OTAs Are Heating Up in the DOD
August 15, 2018 1 Comment
By Mark Wisinger, senior analyst
Every program manager and acquisition professional in DOD has been leveraging the newest buzzword: OTA, which stands for Other Transaction Authority. OTAs have been in the acquisition arsenal for years, but Congress just recently relaxed rules and restrictions on their use, paving the way for OTAs to be the new hot method for rapid technology insertion and piloting. The Office of the Undersecretary of Acquisition and Sustainment recently has been working on an OTA handbook to help guide DOD acquisition professionals on the do’s and don’ts of this newly revitalized procurement method. It’s no surprise we’re starting to see the use of more and more OTAs.
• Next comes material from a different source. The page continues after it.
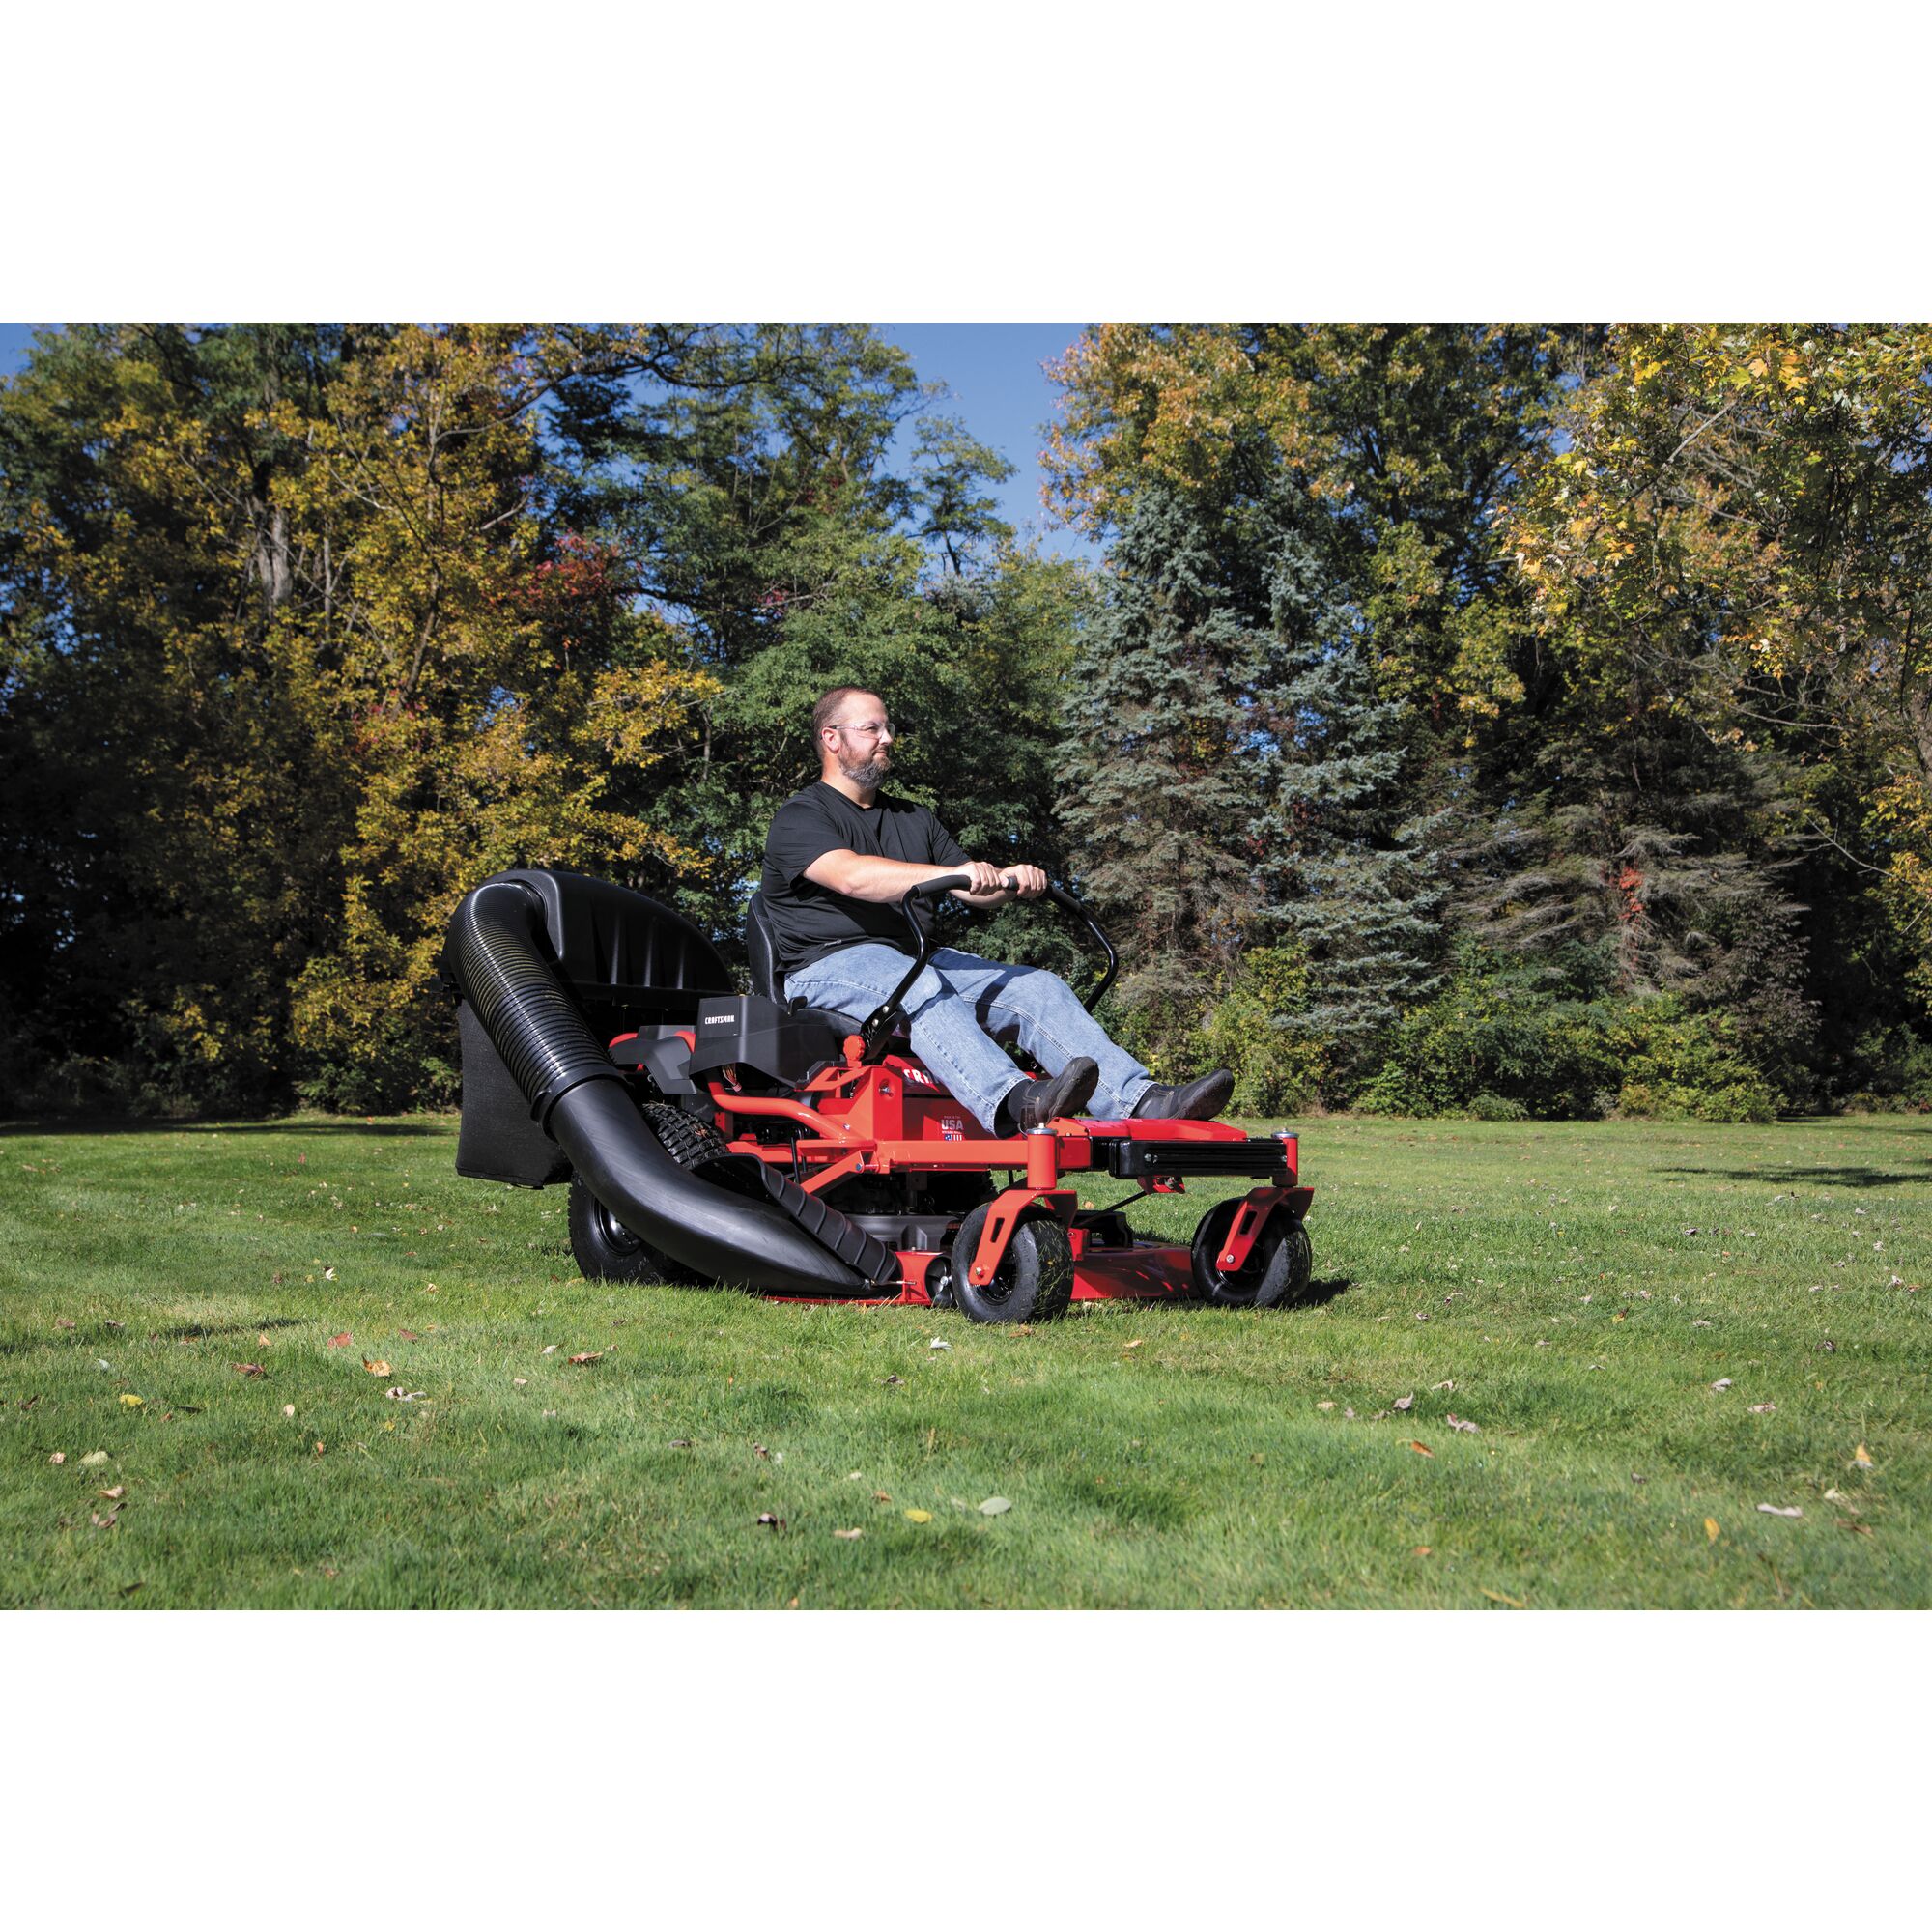 42 inch and 46 inch zero turn double bagger being used to cut grass by person.

According to Bloomberg Government, DOD accounted for $2.1B of $2.3B spent through OTAs in 2017. The Army has been a leader in DOD driving most of the OTA usage increases to date, concentrated in the Army Materiel Command, although the Army Cyber Command’s use of OTAs is growing. The Defensive Cyber Operations office, within Army’s PEO EIS is setting up a new OTA vehicle known as C-RAPID, which will be targeting rapid piloting and insertion of defensive cyber tools. Companies that sign on to the consortium will field between 6 and 24 Army technology requests a year for defensive cyber tools.
The Navy, previously the most reluctant to utilize OTAs, recently established their own new OTA vehicle headed up out of SPAWAR – the Information Warfare Research Project. The IWRP is a $100M vehicle targeting innovative technologies like cloud, autonomy technology, IoT, analytics and cyber warfare capabilities that leverage OTAs – allowing SPAWAR to rapidly field innovative technology for its partners across the department. The Navy is taking a page from the Army’s book because OTAs are working. The fact that even the reluctant Navy is pushing in its chips for OTAs is a great sign that the tide is turning in favor of employing Other Transaction Authority more regularly.
The champion in DOD for OTAs has been the Defense Innovation Unit-Experimental, or DIUx, recently designated a permanent DOD entity. Leaving aside the “experimental” moniker, the DIU itself has also been a major user of OTAs and continues to evangelize the effectiveness of the method to the more agile corners of the department.
With enthusiasm from Congress, DIU’s permanent establishment and increasing use in the department, OTAs are becoming less and less an acquisition fad and more and more a key method to doing business rapidly with the DOD, especially with bleeding edge technology.